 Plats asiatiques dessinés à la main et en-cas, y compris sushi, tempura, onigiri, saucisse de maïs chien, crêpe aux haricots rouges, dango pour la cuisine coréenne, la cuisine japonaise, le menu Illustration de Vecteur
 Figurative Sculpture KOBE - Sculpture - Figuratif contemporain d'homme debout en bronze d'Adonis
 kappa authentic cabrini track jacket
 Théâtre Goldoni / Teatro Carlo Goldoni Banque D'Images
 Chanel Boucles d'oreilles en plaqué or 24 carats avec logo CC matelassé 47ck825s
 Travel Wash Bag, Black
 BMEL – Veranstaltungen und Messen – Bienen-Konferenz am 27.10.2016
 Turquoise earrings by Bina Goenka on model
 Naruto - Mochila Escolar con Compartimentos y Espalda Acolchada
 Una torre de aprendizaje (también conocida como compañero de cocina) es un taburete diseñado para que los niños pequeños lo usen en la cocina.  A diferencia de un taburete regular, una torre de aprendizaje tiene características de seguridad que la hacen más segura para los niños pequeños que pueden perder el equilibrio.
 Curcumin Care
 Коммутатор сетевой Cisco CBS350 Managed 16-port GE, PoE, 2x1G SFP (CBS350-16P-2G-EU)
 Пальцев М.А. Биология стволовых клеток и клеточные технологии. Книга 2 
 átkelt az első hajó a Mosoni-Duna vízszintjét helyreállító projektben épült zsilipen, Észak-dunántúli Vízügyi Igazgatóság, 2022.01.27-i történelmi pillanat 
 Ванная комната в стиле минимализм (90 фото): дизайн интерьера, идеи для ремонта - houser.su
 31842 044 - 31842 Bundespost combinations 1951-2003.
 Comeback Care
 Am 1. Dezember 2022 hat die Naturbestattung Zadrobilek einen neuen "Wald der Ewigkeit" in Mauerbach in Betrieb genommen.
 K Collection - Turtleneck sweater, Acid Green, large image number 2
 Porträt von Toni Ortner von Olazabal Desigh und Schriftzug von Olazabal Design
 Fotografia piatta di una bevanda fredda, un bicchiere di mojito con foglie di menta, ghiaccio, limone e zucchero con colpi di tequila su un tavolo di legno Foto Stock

──────────────────────────────

The lines wanted are those from the one with "Curcumin Care" through the last line of the records, repeated exactly and with both ends included.

COMPLETED EXERCISE
 Curcumin Care
 Коммутатор сетевой Cisco CBS350 Managed 16-port GE, PoE, 2x1G SFP (CBS350-16P-2G-EU)
 Пальцев М.А. Биология стволовых клеток и клеточные технологии. Книга 2 
 átkelt az első hajó a Mosoni-Duna vízszintjét helyreállító projektben épült zsilipen, Észak-dunántúli Vízügyi Igazgatóság, 2022.01.27-i történelmi pillanat 
 Ванная комната в стиле минимализм (90 фото): дизайн интерьера, идеи для ремонта - houser.su
 31842 044 - 31842 Bundespost combinations 1951-2003.
 Comeback Care
 Am 1. Dezember 2022 hat die Naturbestattung Zadrobilek einen neuen "Wald der Ewigkeit" in Mauerbach in Betrieb genommen.
 K Collection - Turtleneck sweater, Acid Green, large image number 2
 Porträt von Toni Ortner von Olazabal Desigh und Schriftzug von Olazabal Design
 Fotografia piatta di una bevanda fredda, un bicchiere di mojito con foglie di menta, ghiaccio, limone e zucchero con colpi di tequila su un tavolo di legno Foto Stock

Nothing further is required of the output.